Plus de 30 % de la population mondiale souffre de certains types d’allergies, et ce chiffre continue d’augmenter. Les allergies les plus courantes incluent celles causées par le pollen, les acariens, les squames d’animaux et certains aliments.
La forte prévalence de ces maladies est due à une combinaison de facteurs génétiques et environnementaux.
Bien que certaines personnes aient une prédisposition génétique à développer des allergies, l’environnement joue également un rôle important. L’exposition à des contaminants, les changements dans l’alimentation et le mode de vie moderne peuvent altérer la réponse du système immunitaire, entraînant des réactions exagérées face à des substances qui ne devraient pas représenter une menace.
Quelle relation les mastocytes ont-ils avec les allergies ?
Les allergies sont des réactions exagérées du système immunitaire face à des substances inoffensives, appelées allergènes. Parmi les allergènes les plus courants, on trouve le pollen, les acariens, les poils d’animaux et certains aliments comme les arachides ou les fruits de mer.
Imaginons que le système immunitaire soit une équipe de sécurité d’un bâtiment. Son travail est de protéger le corps contre les menaces réelles, comme les virus et les bactéries.
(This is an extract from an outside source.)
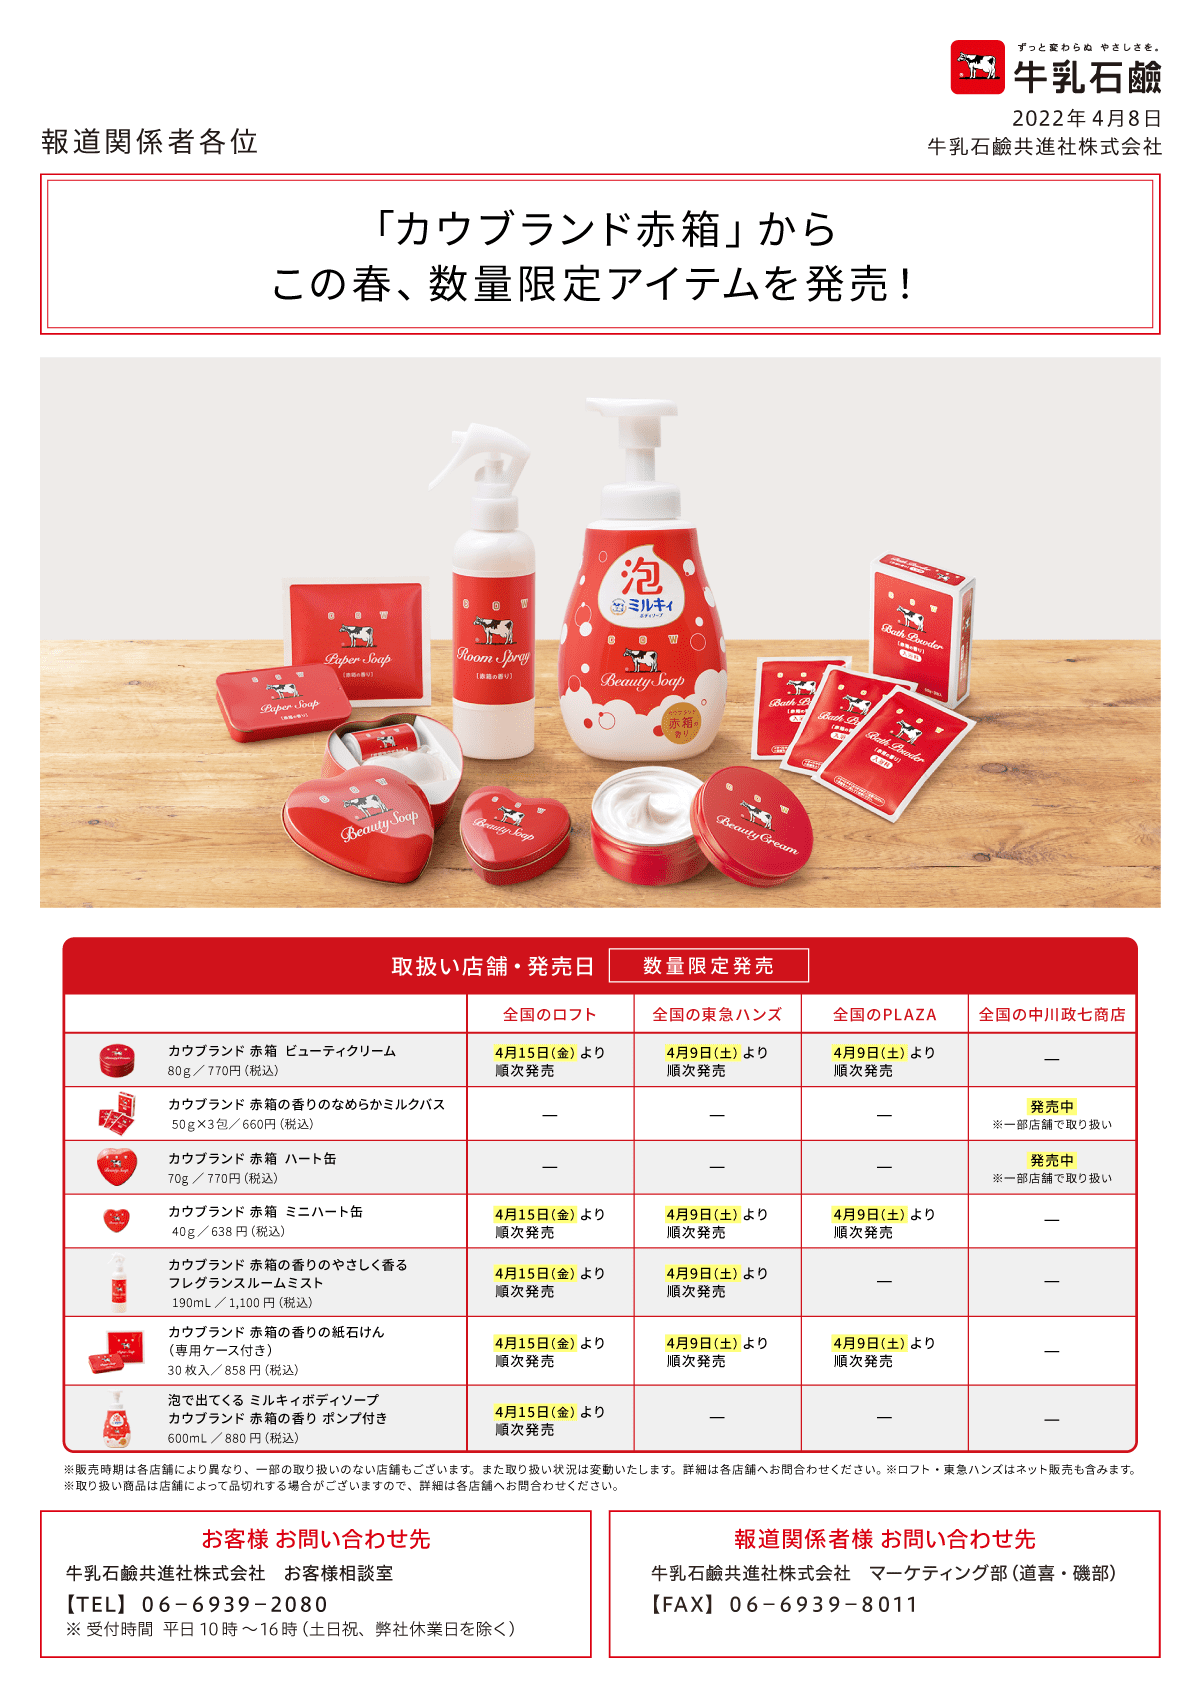 牛乳石鹸 カウブランド 赤箱(1コ入(100g))

Cependant, chez les personnes allergiques, cette équipe se trompe et réagit de manière exagérée face à des substances inoffensives.
Cette réponse disproportionnée est ce que nous appelons une réaction allergique.
Lorsqu’une personne allergique entre en contact avec un allergène, son système immunitaire active les mastocytes, déclenchant des symptômes tels que :
- Éternuements et écoulement nasal
- Démangeaisons de la peau ou éruptions cutanées
- Inflammation de la gorge ou difficulté à respirer
- Yeux rouges et larmoyants
Le terme allergie a été introduit au XXe siècle par le scientifique Clemens von Pirquet, qui observa que le système immunitaire peut protéger, mais aussi causer une hypersensibilité.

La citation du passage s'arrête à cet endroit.